_Exercise prompt_:
Leave the pictures in the listing below aside and reproduce exactly the lines starting with the one with "golf-trunk-organizer.jpg" and going on through the one with "caricaturas frente a casas", both ends included.

_Dataset records_:
* * * *

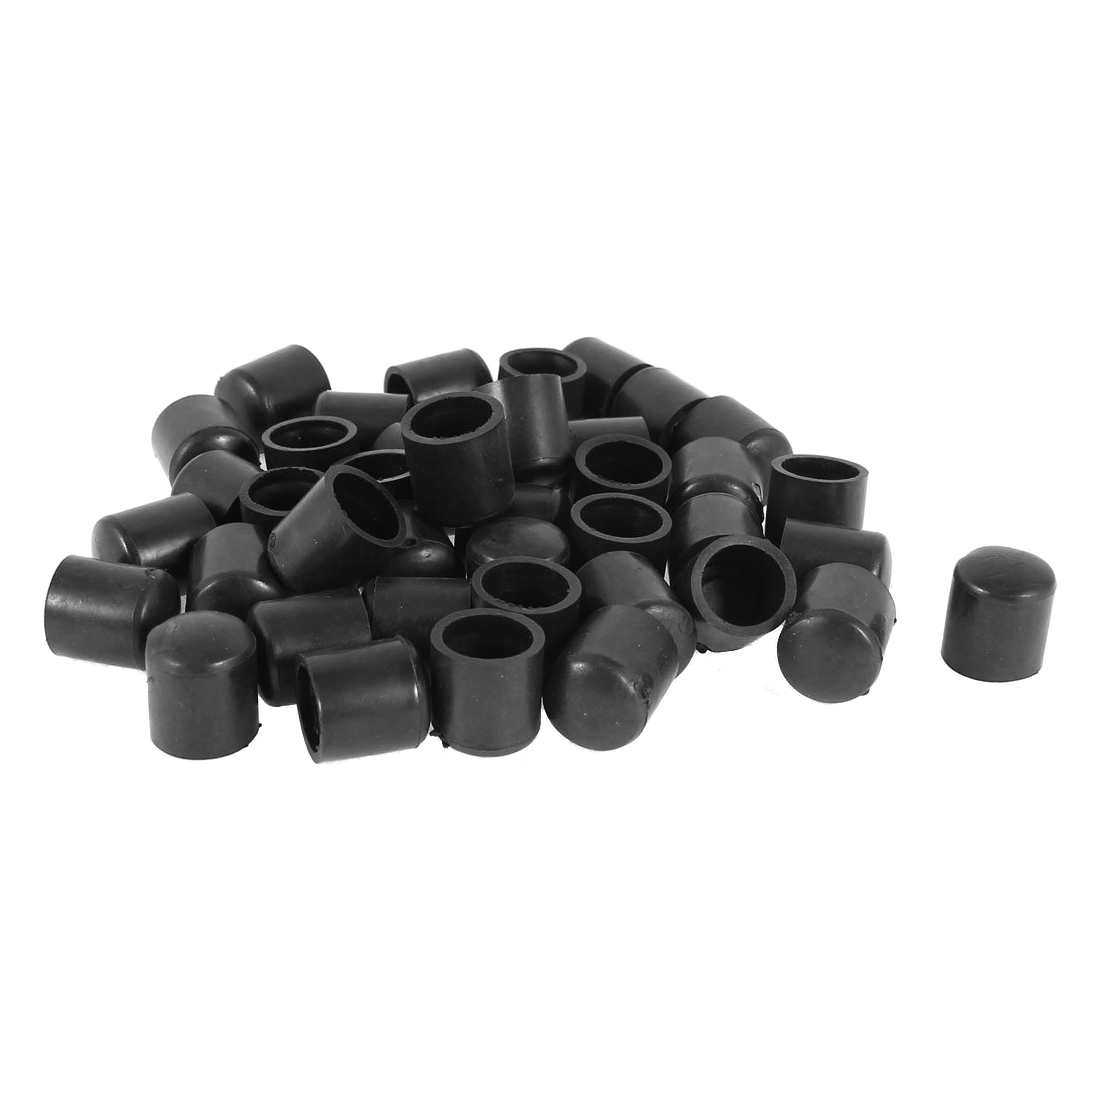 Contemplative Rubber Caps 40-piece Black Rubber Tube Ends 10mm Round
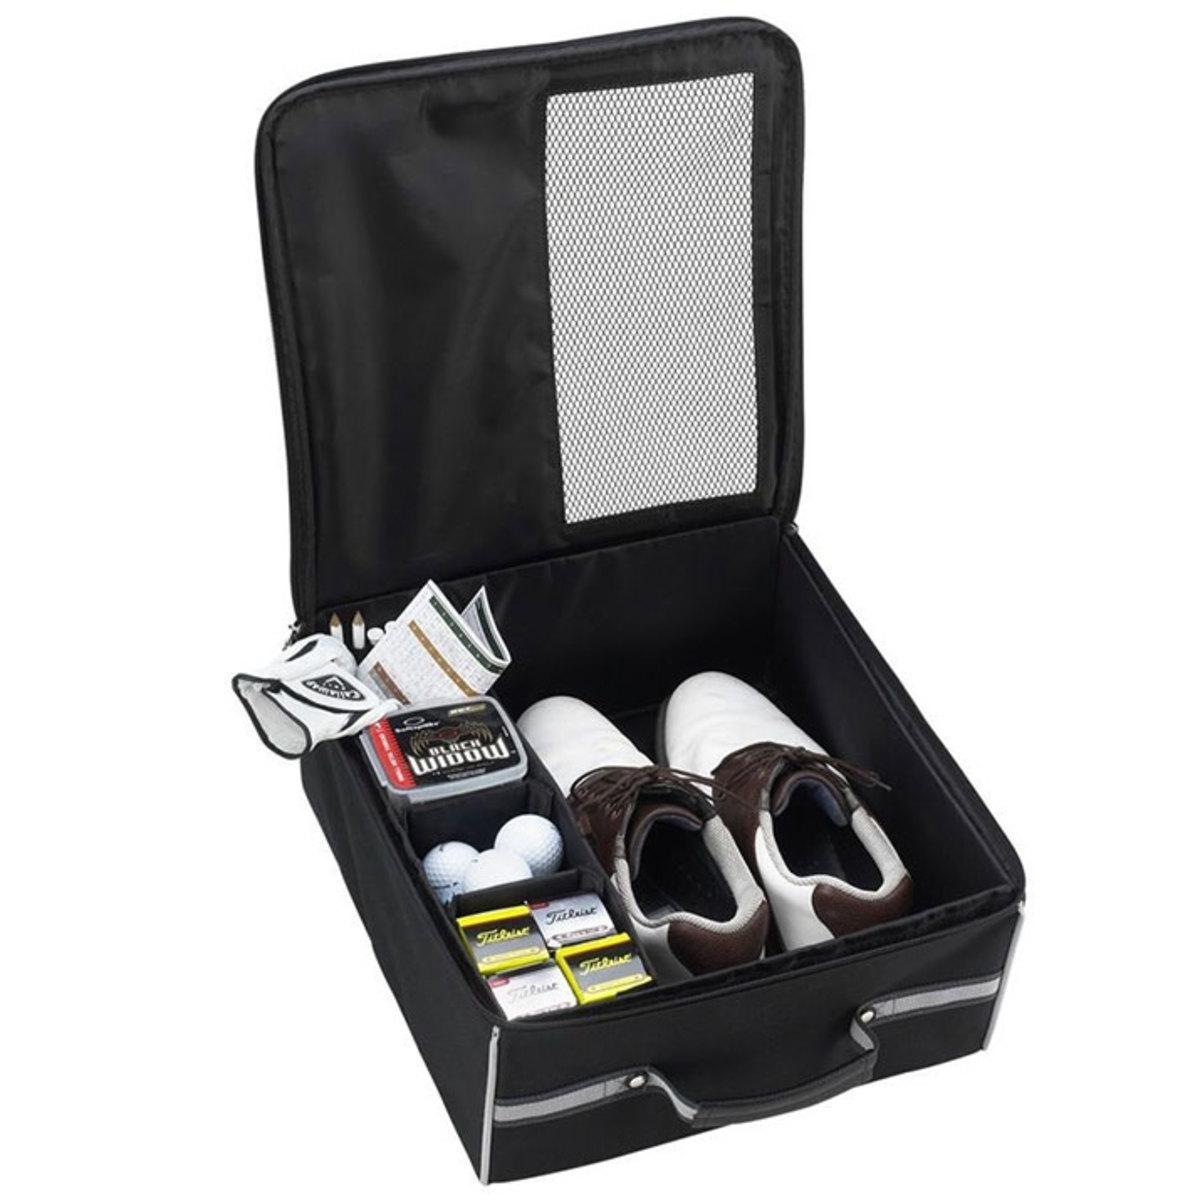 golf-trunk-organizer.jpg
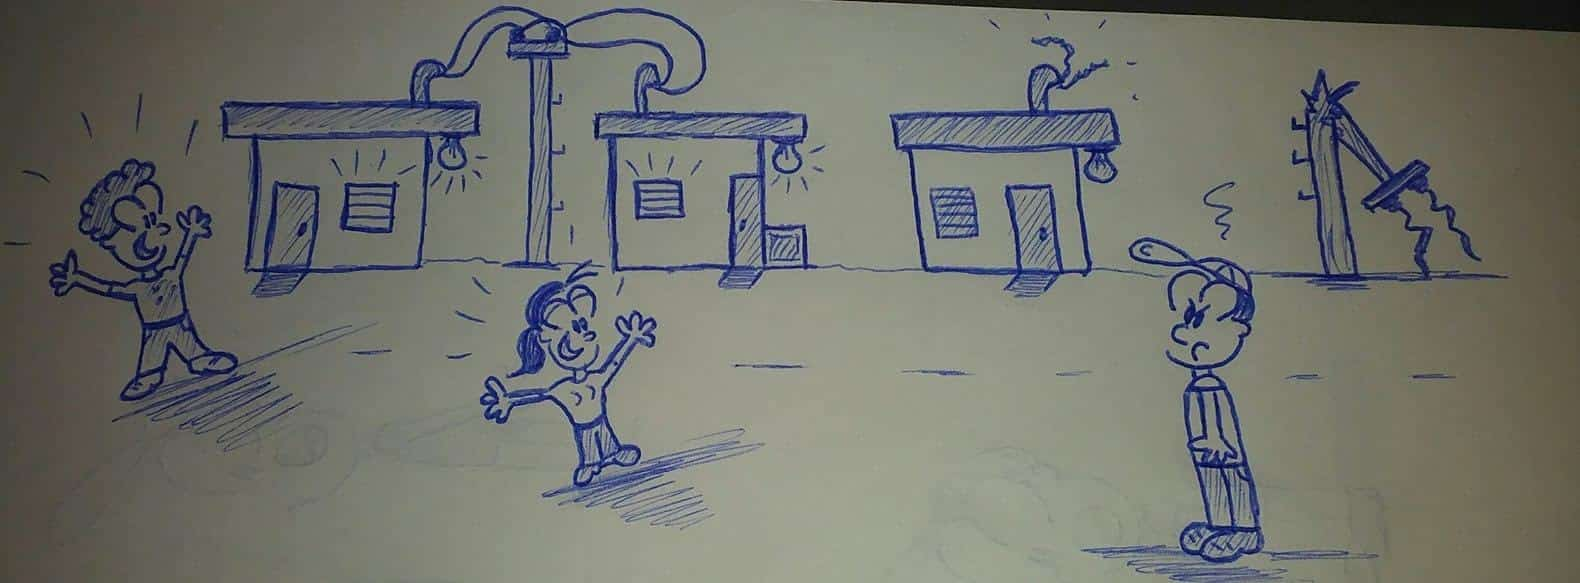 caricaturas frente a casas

* * * *

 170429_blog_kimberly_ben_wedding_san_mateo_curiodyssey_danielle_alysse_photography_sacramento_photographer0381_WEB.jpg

* * * *

_Completed task_:
 golf-trunk-organizer.jpg
 caricaturas frente a casas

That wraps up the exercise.